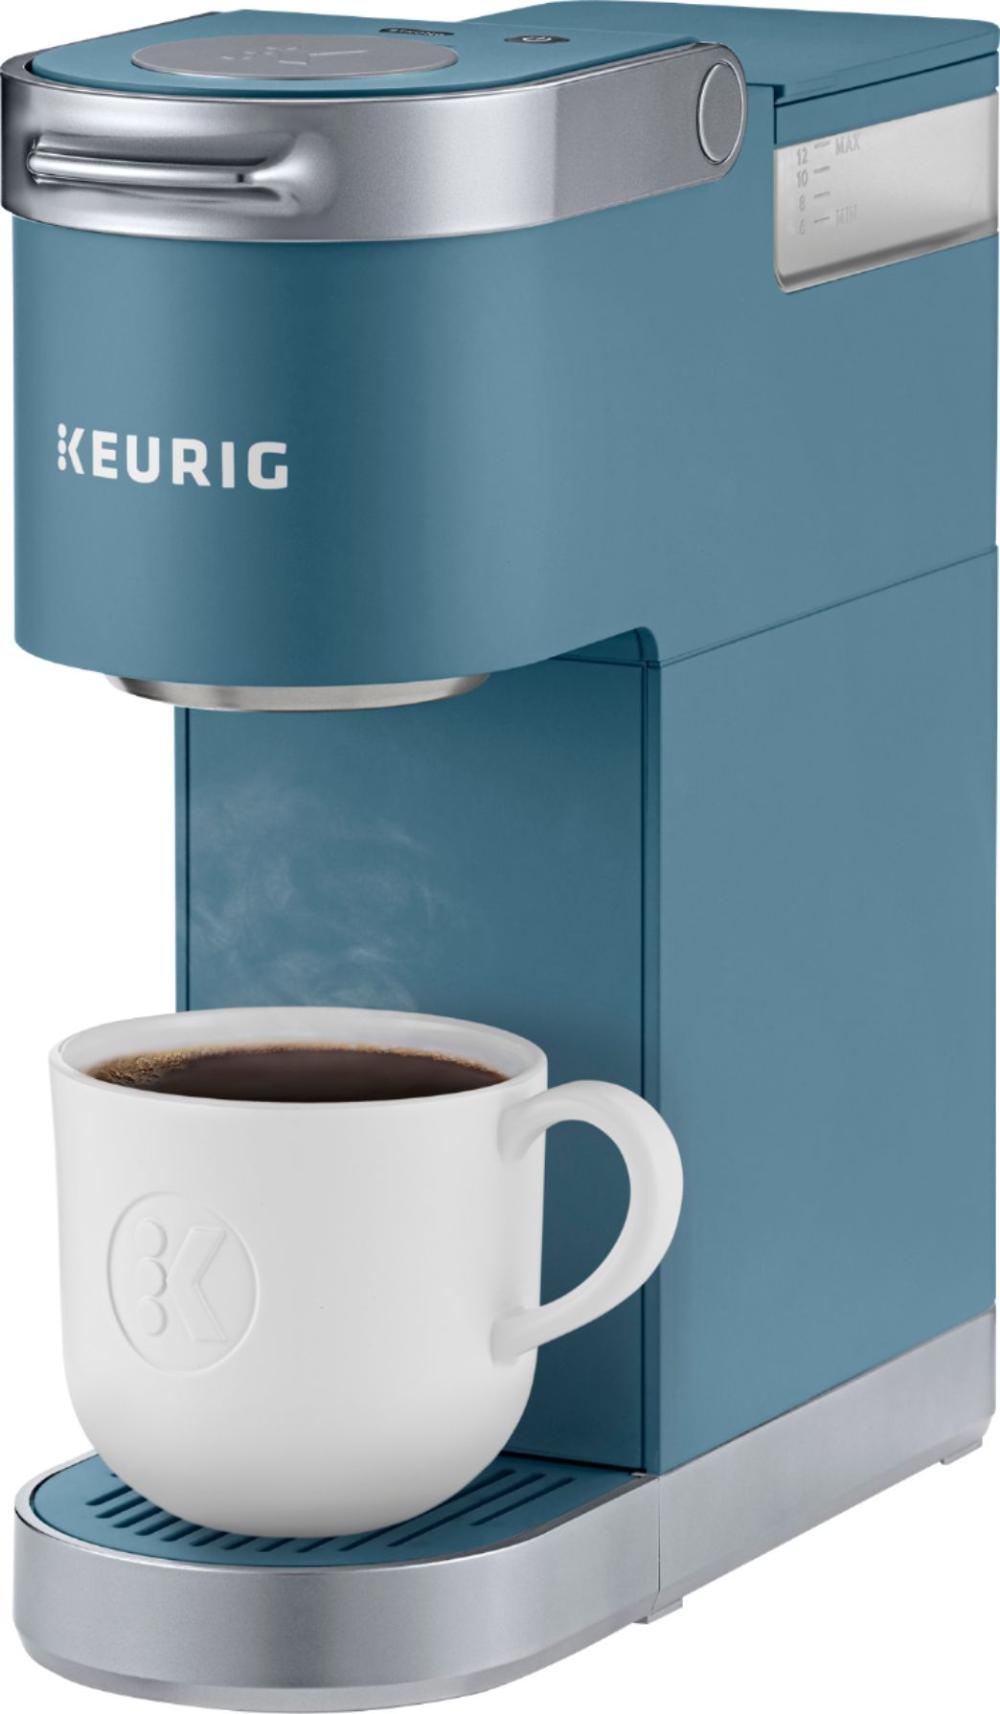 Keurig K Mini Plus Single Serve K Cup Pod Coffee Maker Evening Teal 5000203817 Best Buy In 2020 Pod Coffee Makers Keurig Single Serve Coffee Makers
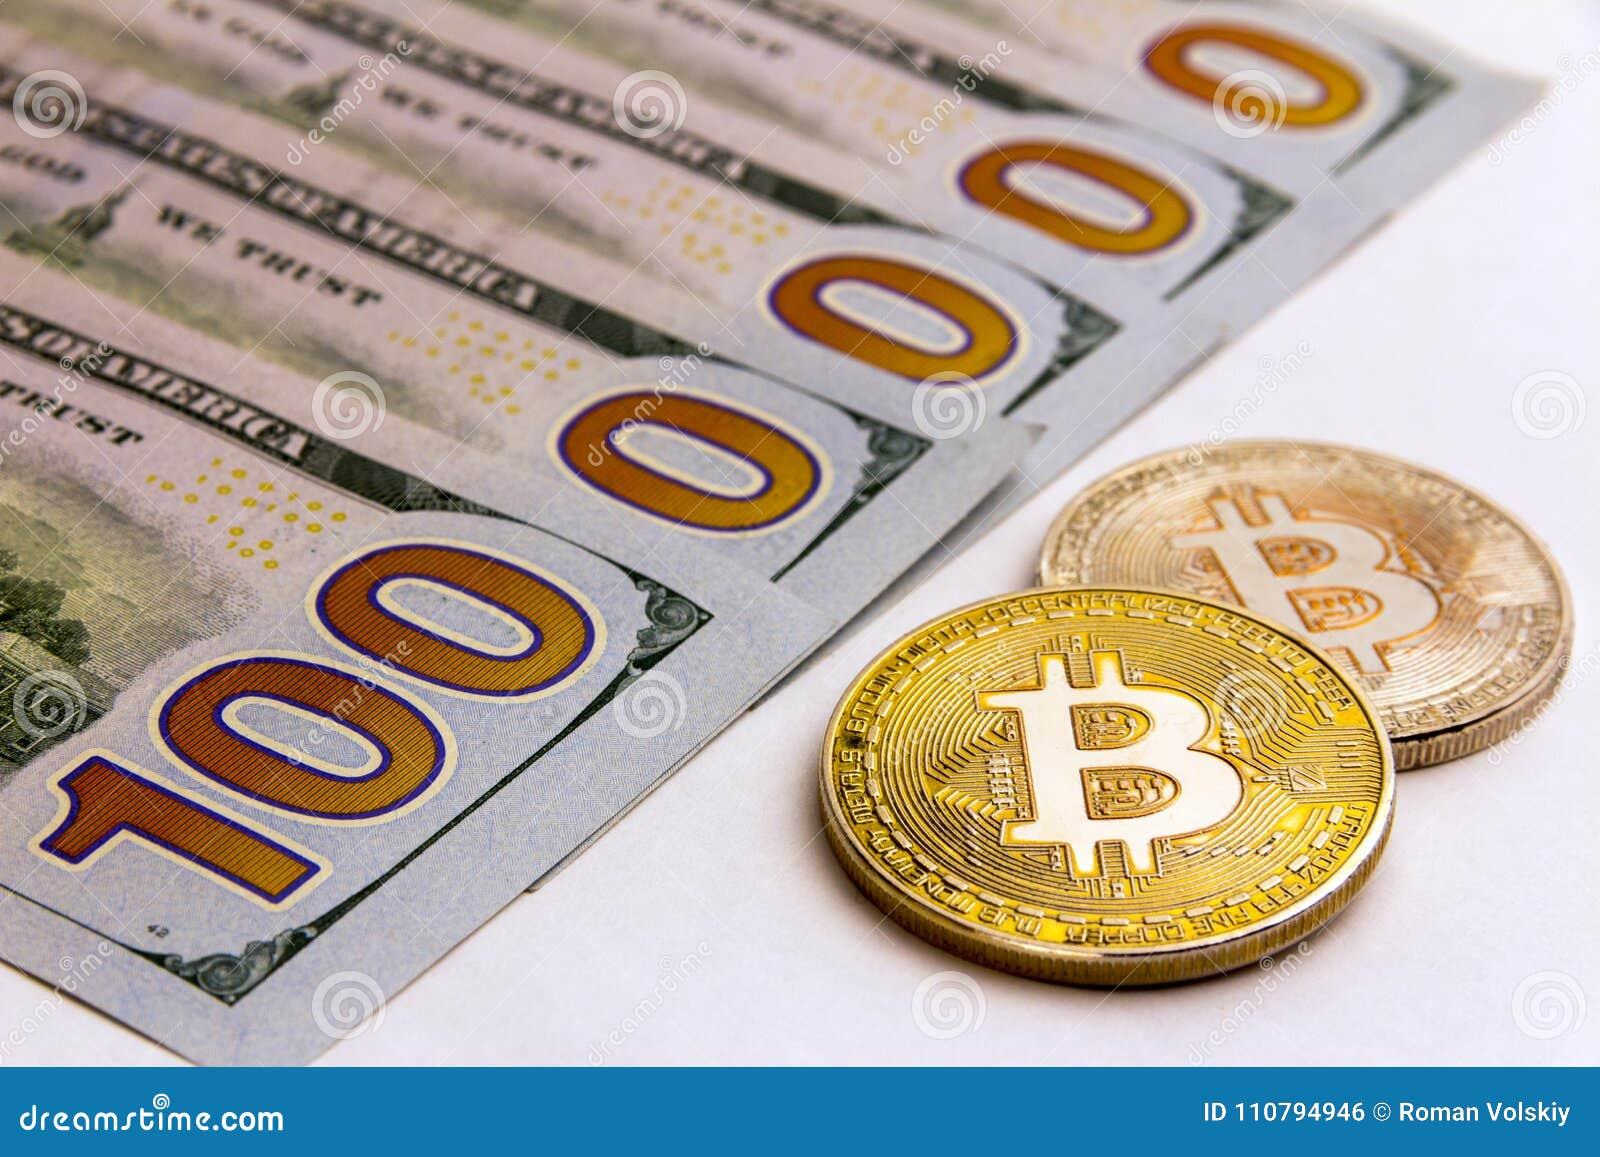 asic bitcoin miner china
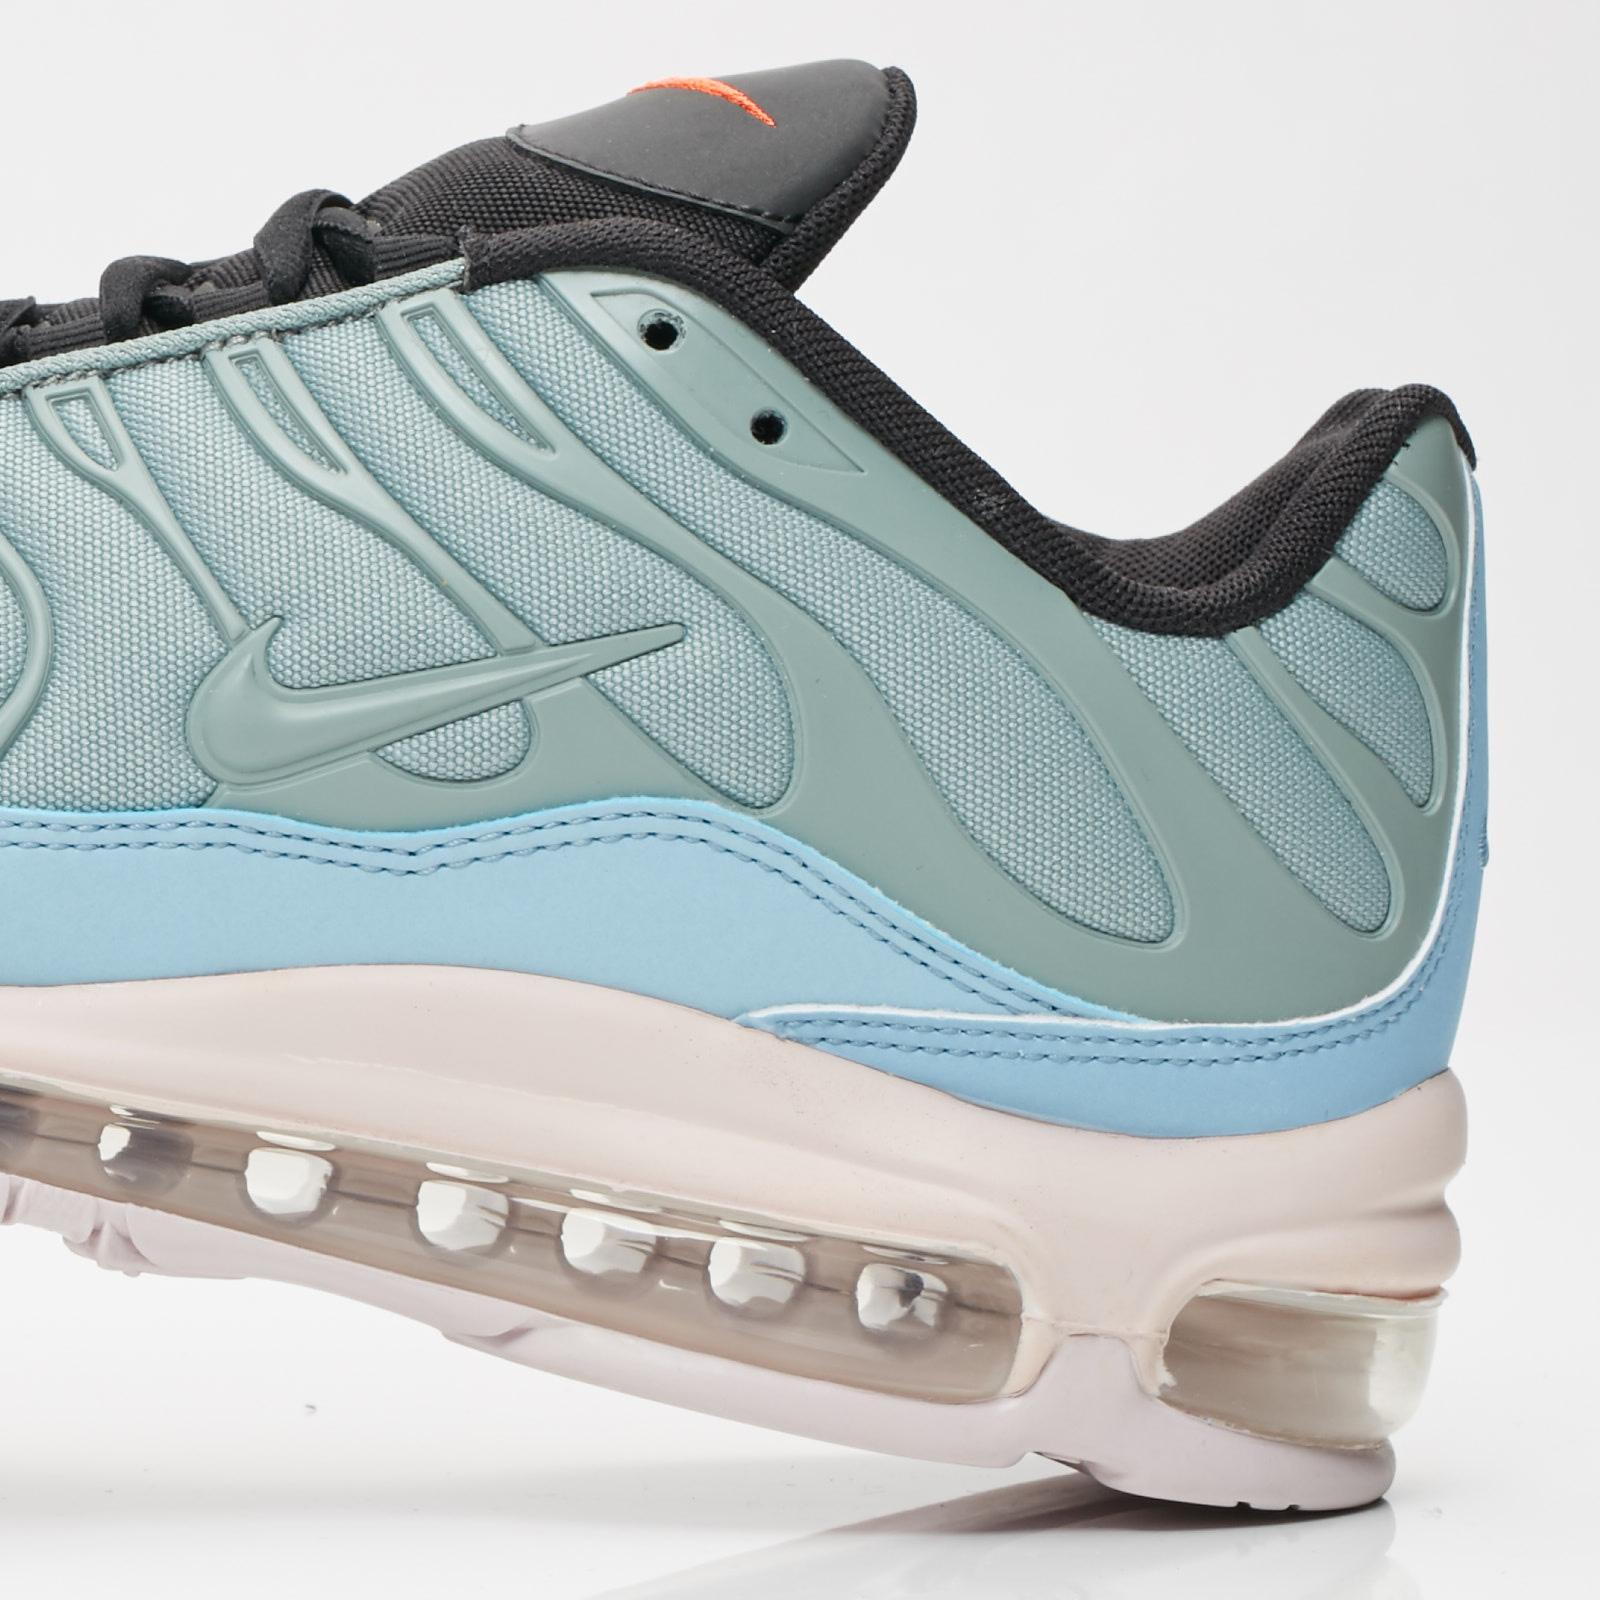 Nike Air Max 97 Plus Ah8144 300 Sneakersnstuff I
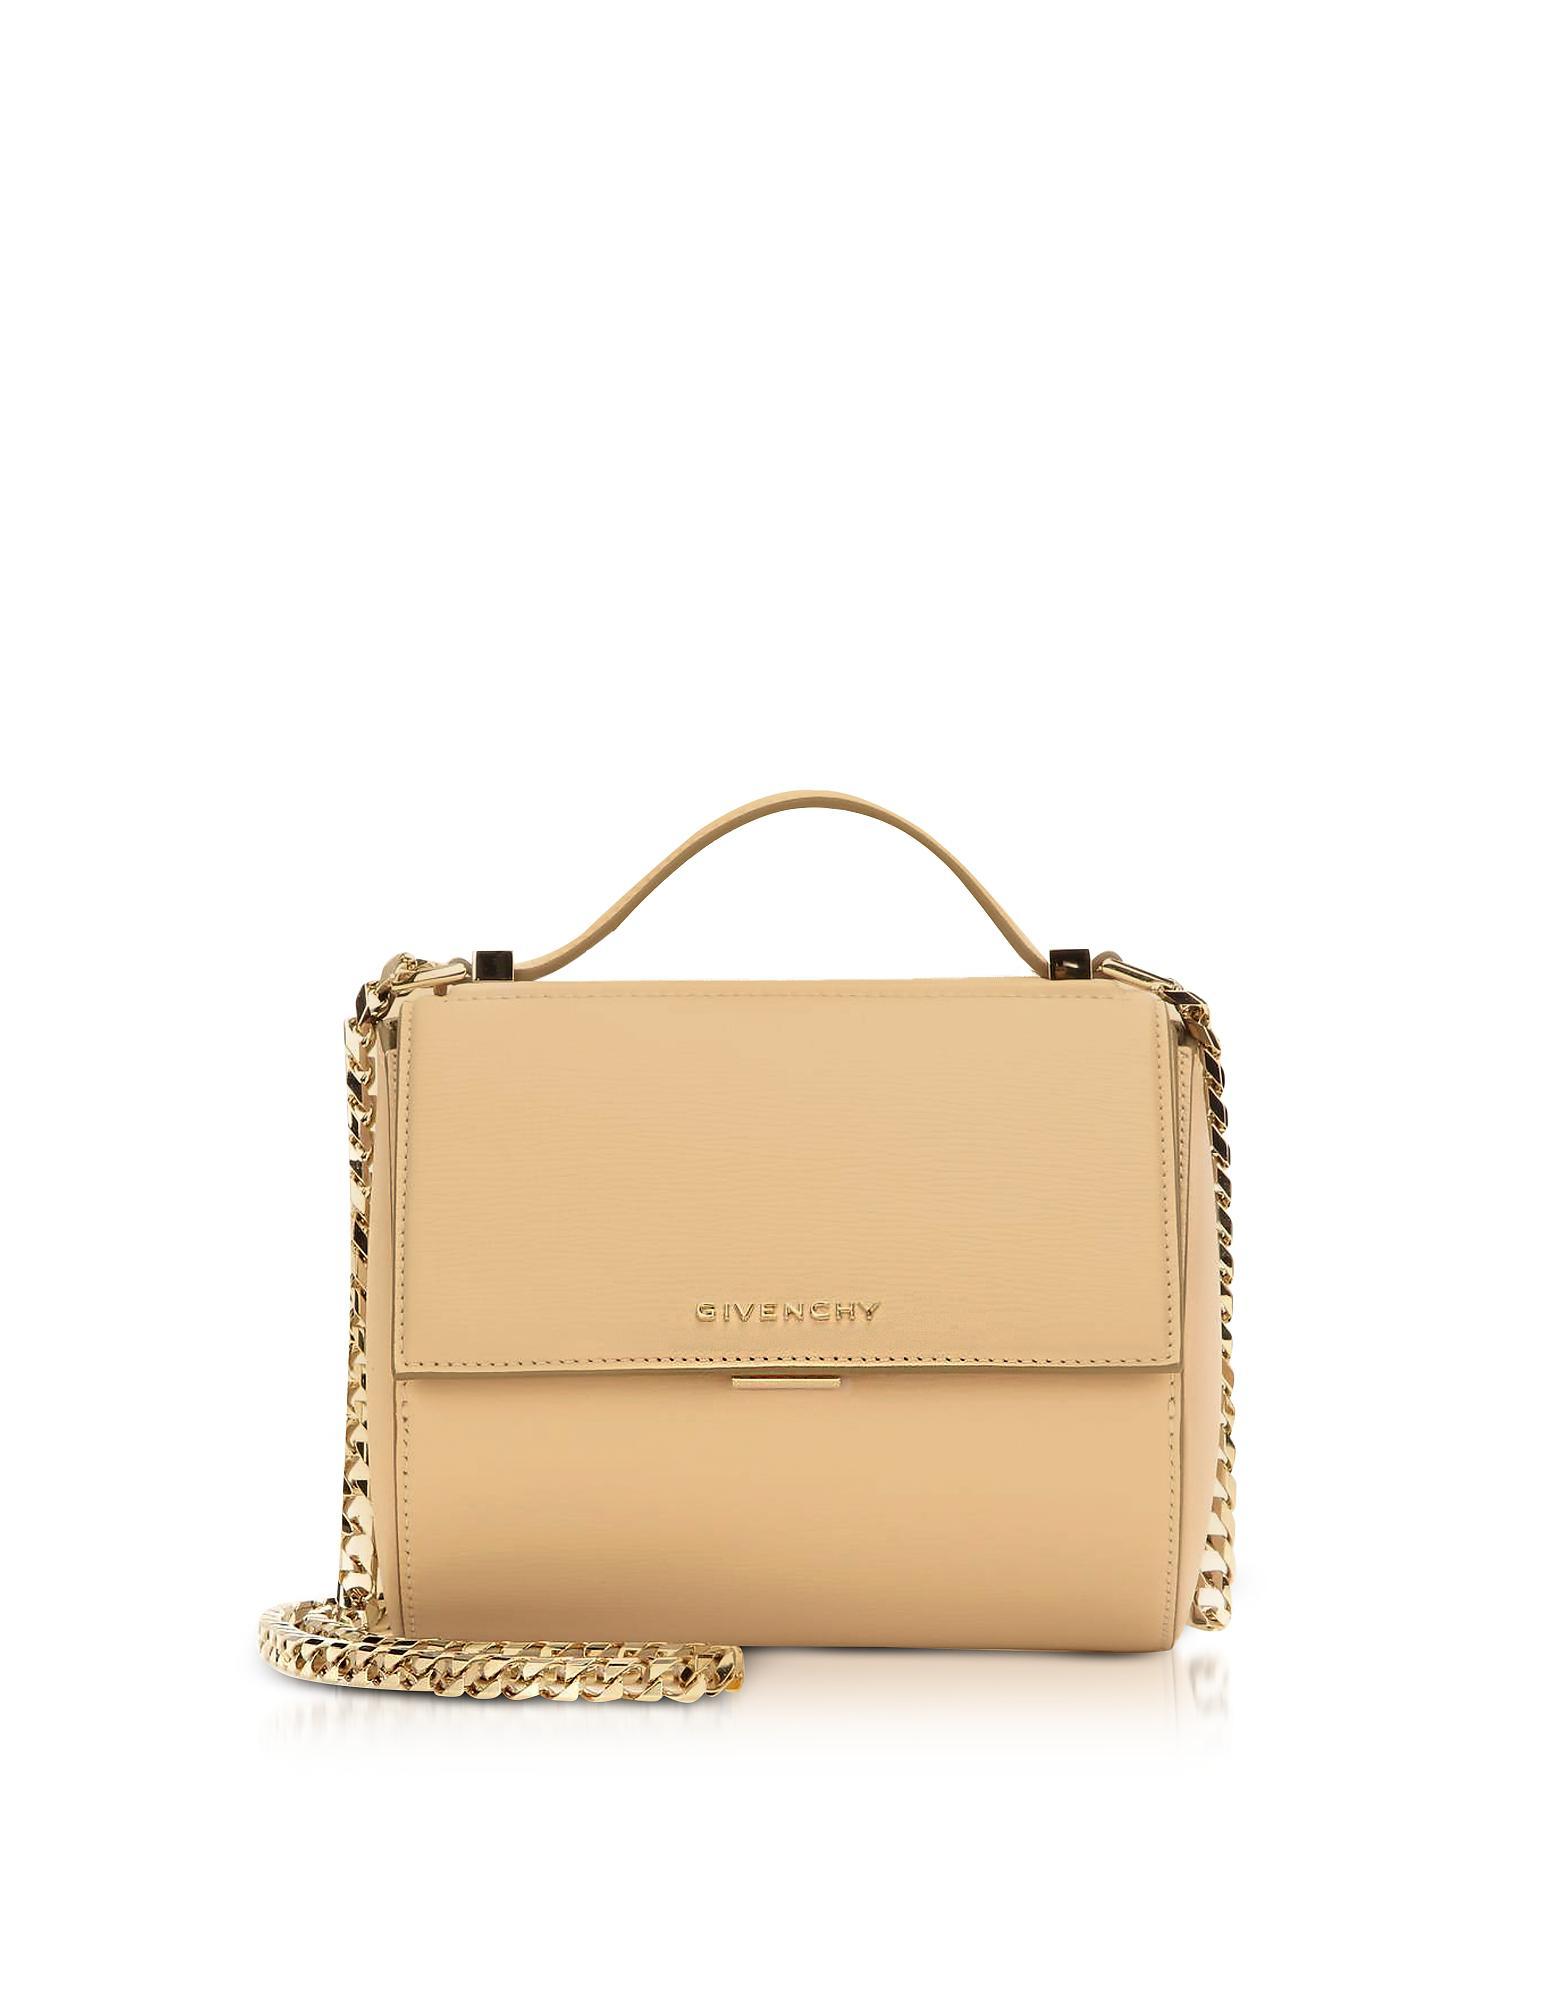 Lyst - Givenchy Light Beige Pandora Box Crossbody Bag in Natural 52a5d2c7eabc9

* **THE TASK**
For this exercise, transcribe the data above line by line, exactly, with pictures omitted.

* **ANSWER BELOW**
 Keurig K Mini Plus Single Serve K Cup Pod Coffee Maker Evening Teal 5000203817 Best Buy In 2020 Pod Coffee Makers Keurig Single Serve Coffee Makers
 asic bitcoin miner china
 Nike Air Max 97 Plus Ah8144 300 Sneakersnstuff I
 Lyst - Givenchy Light Beige Pandora Box Crossbody Bag in Natural 52a5d2c7eabc9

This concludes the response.